■ **Required work**: No pictures in the copy. Write out the listing below exactly.

■ **Data provided**:
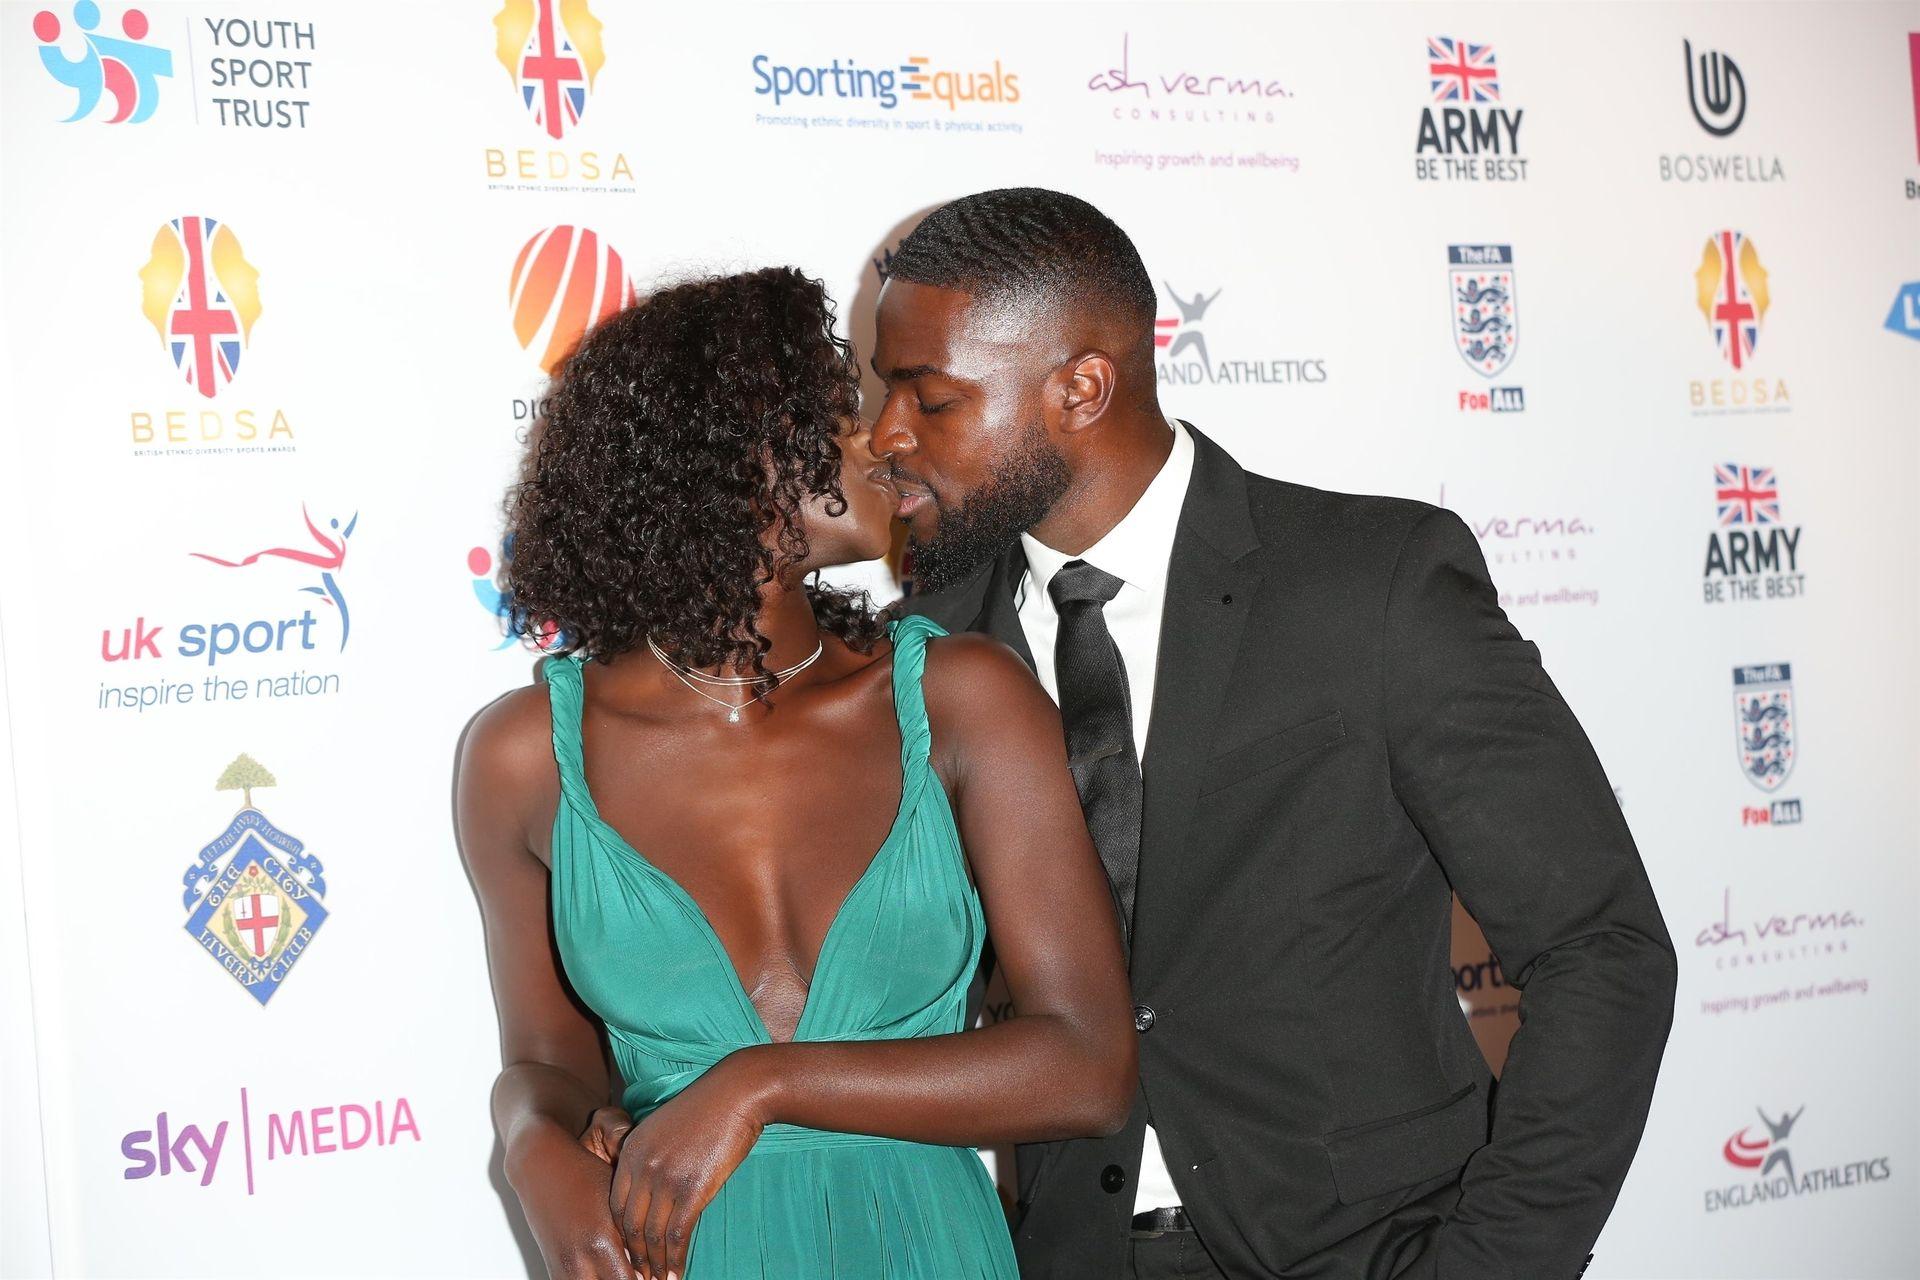 Mike Boateng & Priscilla Anyabu Are Seen At British Ethnic Diversity Sports Awards 0061
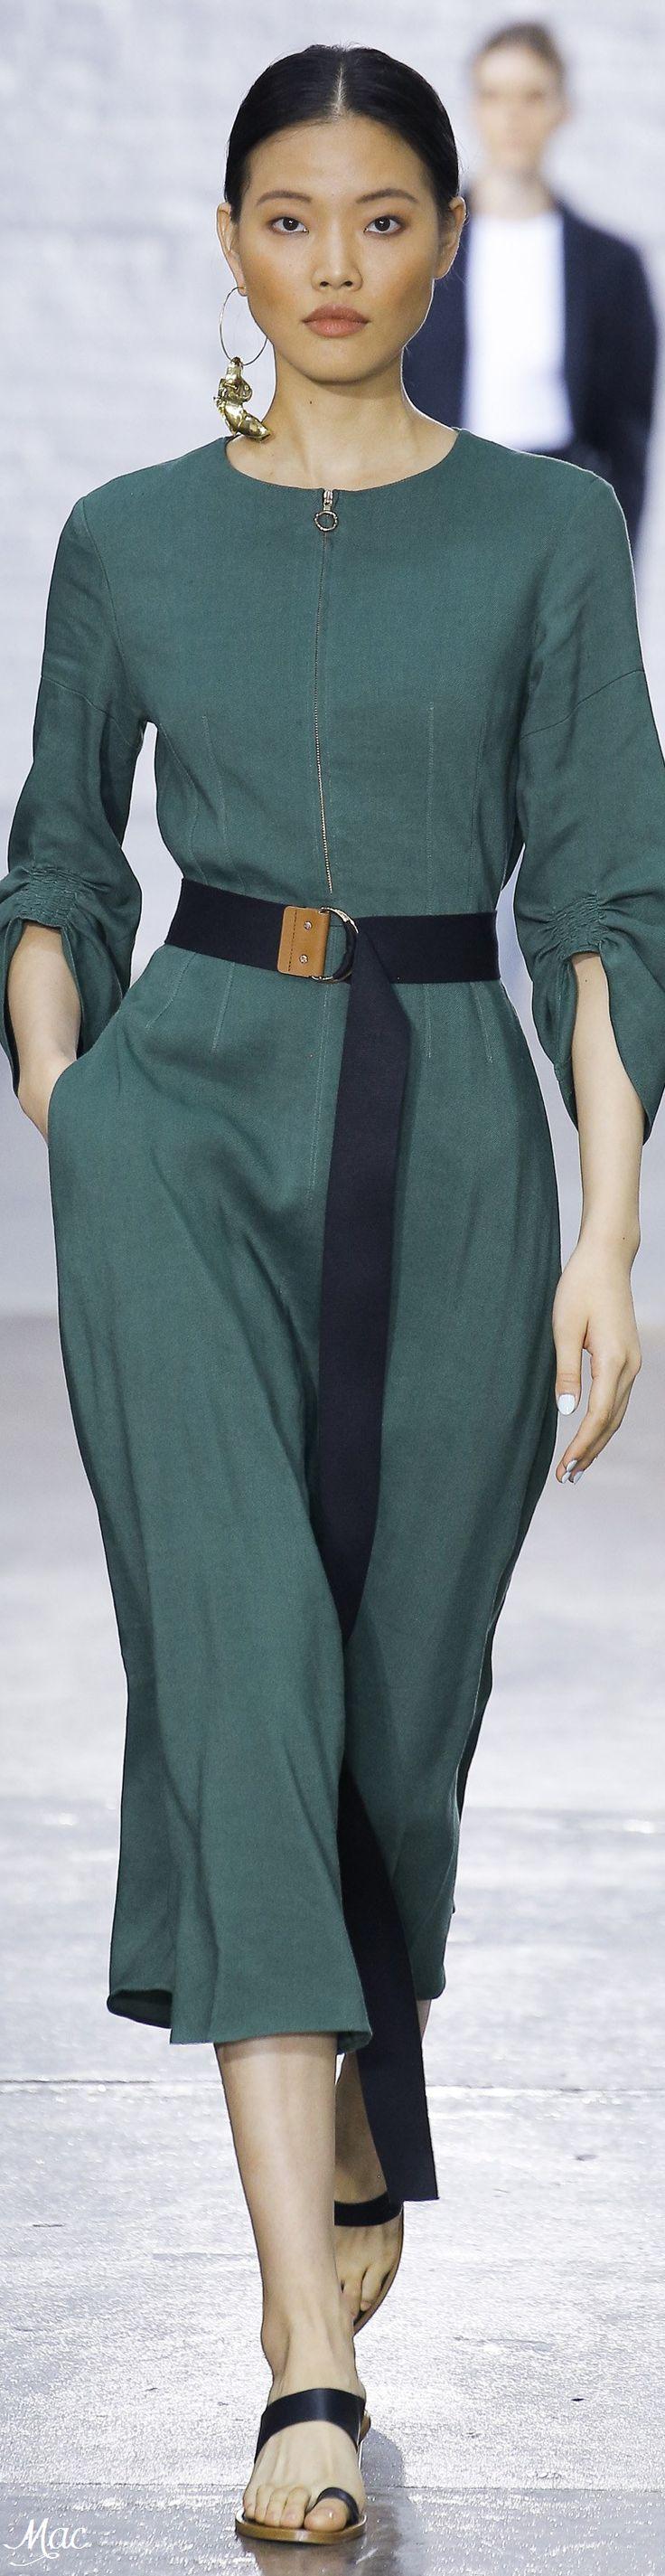 Spring 2017 Ready-to-Wear Tibi
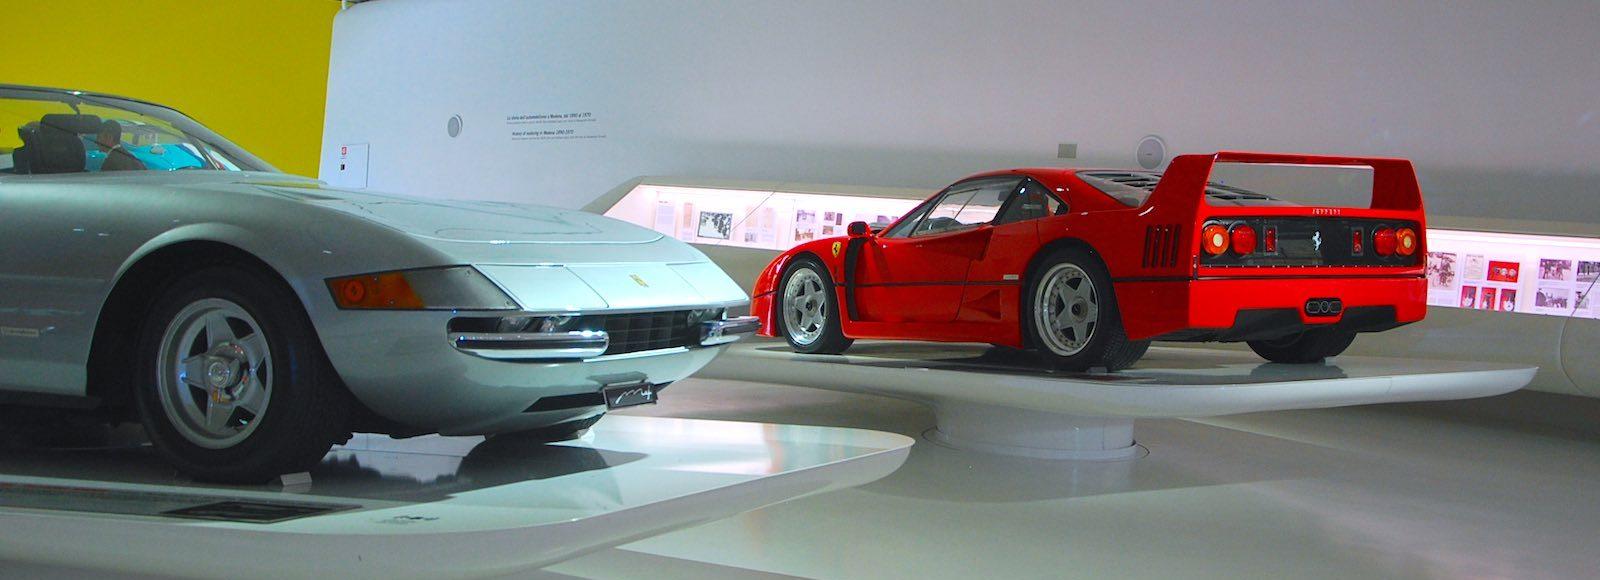 Ferrari Enzo Museum Modena Banner
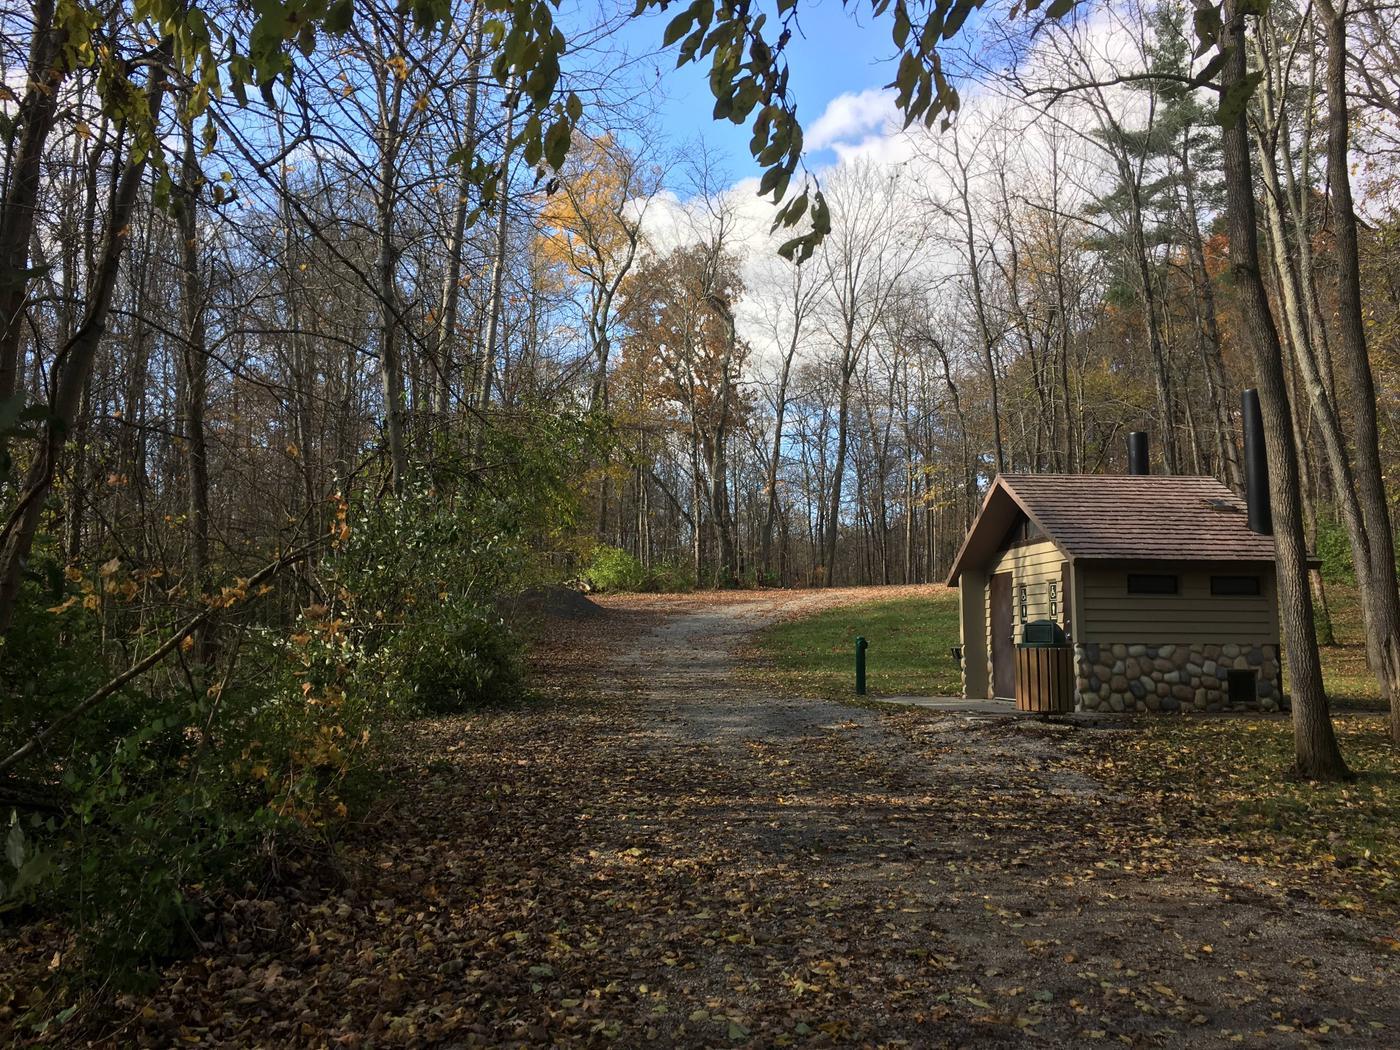 DELAWARE LAKE DAMSITE SHELTERSVault restroom along walking trail

■ **Solution to the problem**:
 Mike Boateng & Priscilla Anyabu Are Seen At British Ethnic Diversity Sports Awards 0061
 Spring 2017 Ready-to-Wear Tibi
 Ferrari Enzo Museum Modena Banner
 DELAWARE LAKE DAMSITE SHELTERSVault restroom along walking trail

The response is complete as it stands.